Poor engineering just to save a few dollars. Again , Toro has had years to make changes and I know they have had tons of complaints about the wheels and cable so why don't they do something?
Makes no sense does it.


----------



## groomerz (Feb 7, 2015)

Nite hawk add this to toro what were the thinking Toro took the spring loaded standard nylon scraper used for many years on power clears and the newer 721 and reengineered it with thin ga steel and a nylon edge. 
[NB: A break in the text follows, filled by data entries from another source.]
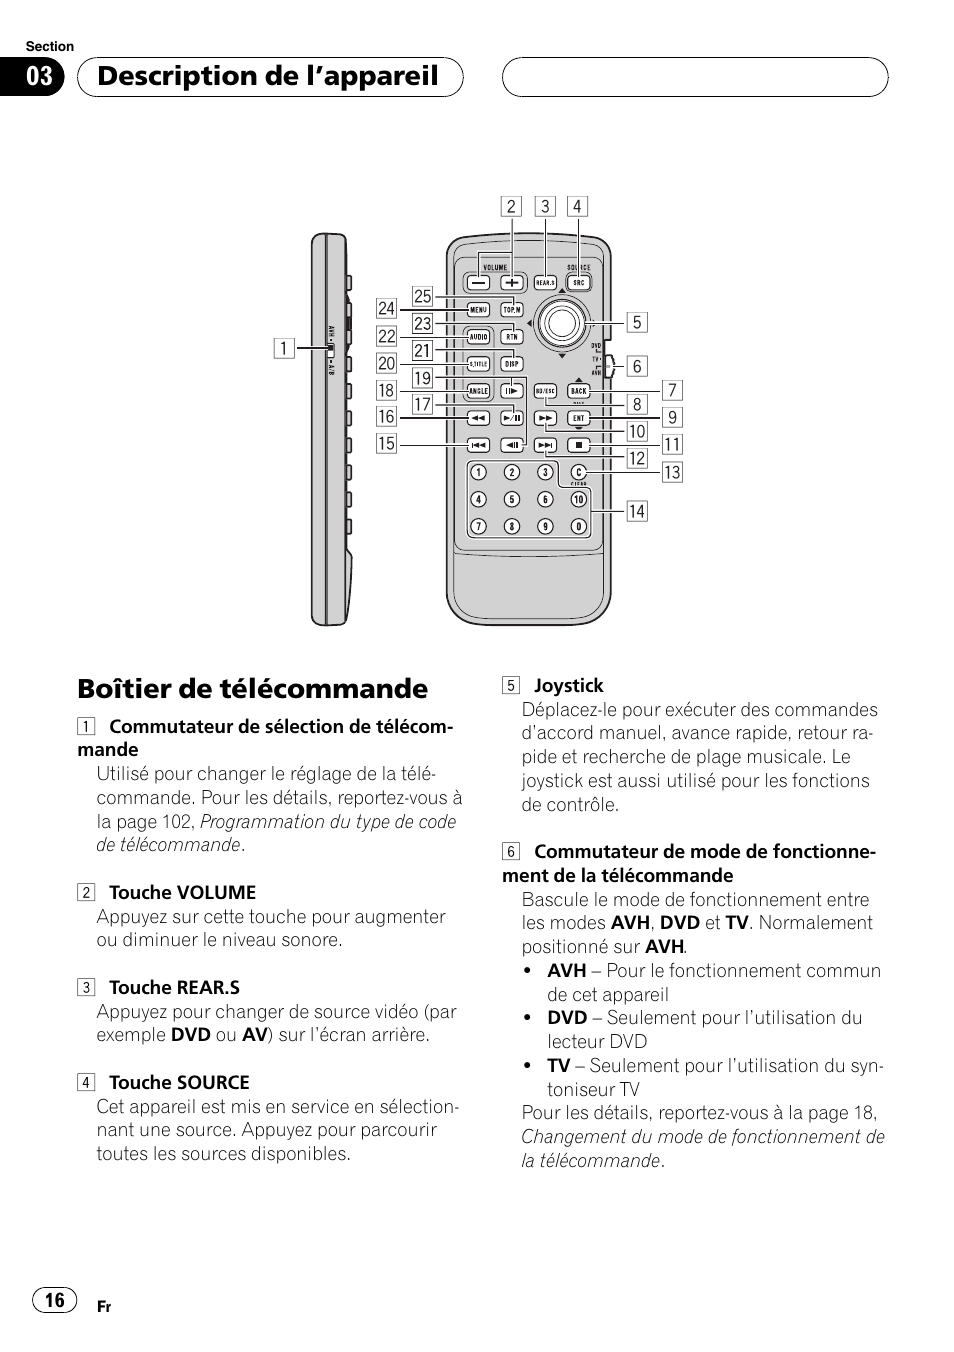 Boîtier de télécommande 16, Boîtier de télécommande, Description de lappareil | Pioneer AVH-P7500DVD Manuel d'utilisation | Page 16 / 128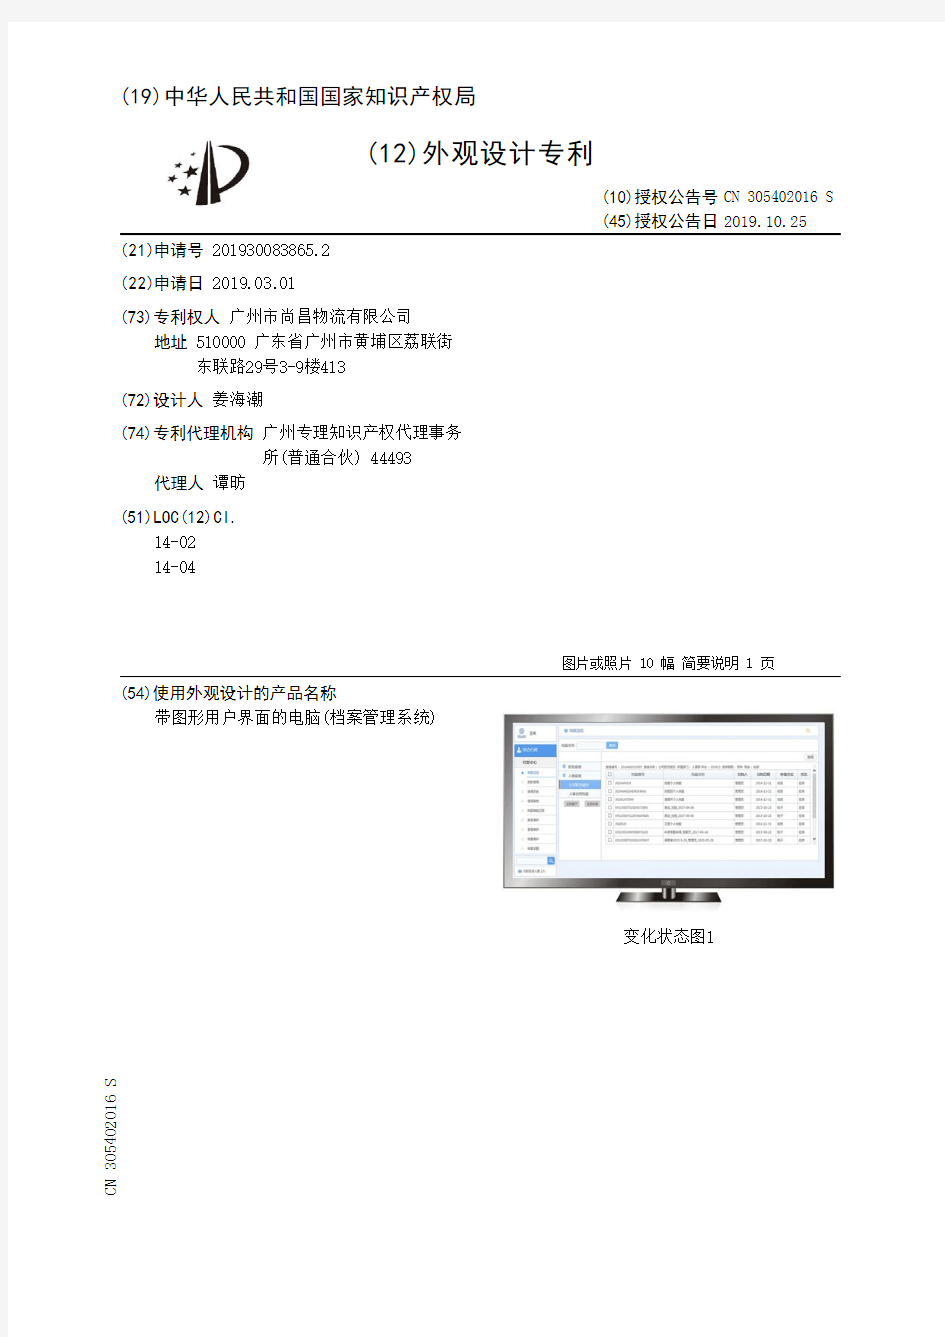 【CN305402016S】带图形用户界面的电脑(档案管理系统)【专利】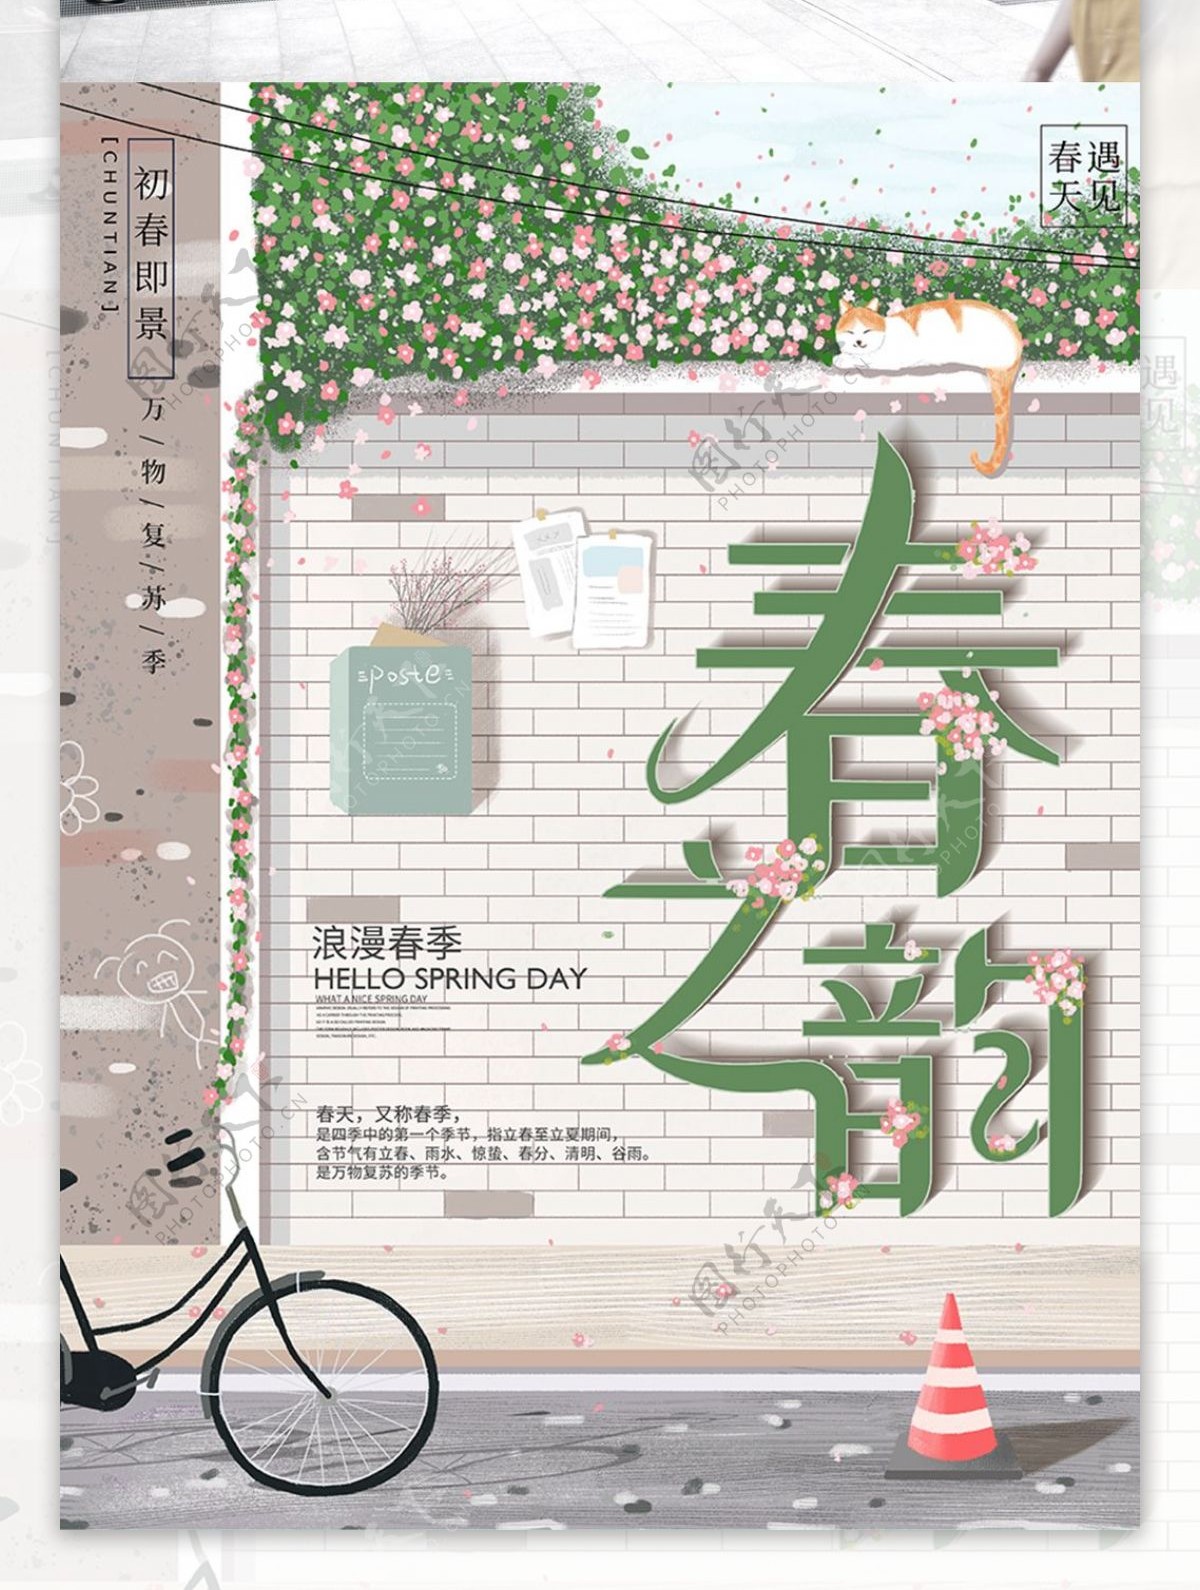 原创手绘小清新日系风景春天宣传海报

12 new toro 721RC commecial blowers after 2 storms last January in chicago. I don’t believe proper testing in the field was ever done. As sidewalk joints and driveway joints destroyed these. I replaced these with plastic scrapers 
That came on the residential toro 721 and older power clears 

We had just replaced our 15-20 year old fleet of 12 toro 3650 and power clears with new 721rc units 

Talk about a bad taste in your mouth. And the engineering to mfg the steel with plastic edge had to be costly and it was a fail as 721rc now come with standard plastic scraper


Sent from my iPhone using Tapatalk


----------



## Michigan Paul (Dec 20, 2021)

groomerz said:


> Nite hawk add this to toro what were the thinking Toro took the spring loaded standard nylon scraper used for many years on power clears and the newer 721 and reengineered it with thin ga steel and a nylon edge.
> 
> 
> 
> ...


What is the part number for the OLD TRIED AND TRUE all plastic scraper? My brand new 721QZE I sure as hell hope it doesn't have the new not improved style. Or I will pitch a $#@&^ to Toro


----------



## groomerz (Feb 7, 2015)

Michigan your machine will have the solid plastic scraper. The good one

Steel crappy one only came on last years early RC commercial models Yours is residential model 
Commercial has thicker paddles that last longer and cost more


Sent from my iPhone using Tapatalk


----------



## Michigan Paul (Dec 20, 2021)

groomerz said:


> Michigan your machine will have the solid plastic scraper. The good one
> 
> Steel crappy one only came on last years early RC commercial models Yours is residential model
> Commercial has thicker paddles that last longer and cost more
> ...


Groomerz Thank you for that info, greatly appreciated. The spring loaded plastic scraper bar is the ONE main reason I bought the Toro 721QZE and sold my 6 year old Troy-bilt Squall (MTD). The MTD design scraper was TERRIBLE, had to push the machine and fight all the way.... had an embolism go into my lungs the last time I used that machine..... bad times all around. Sold that &%@$* bought my Toro. OK I'm done ranting but am still kicking.


----------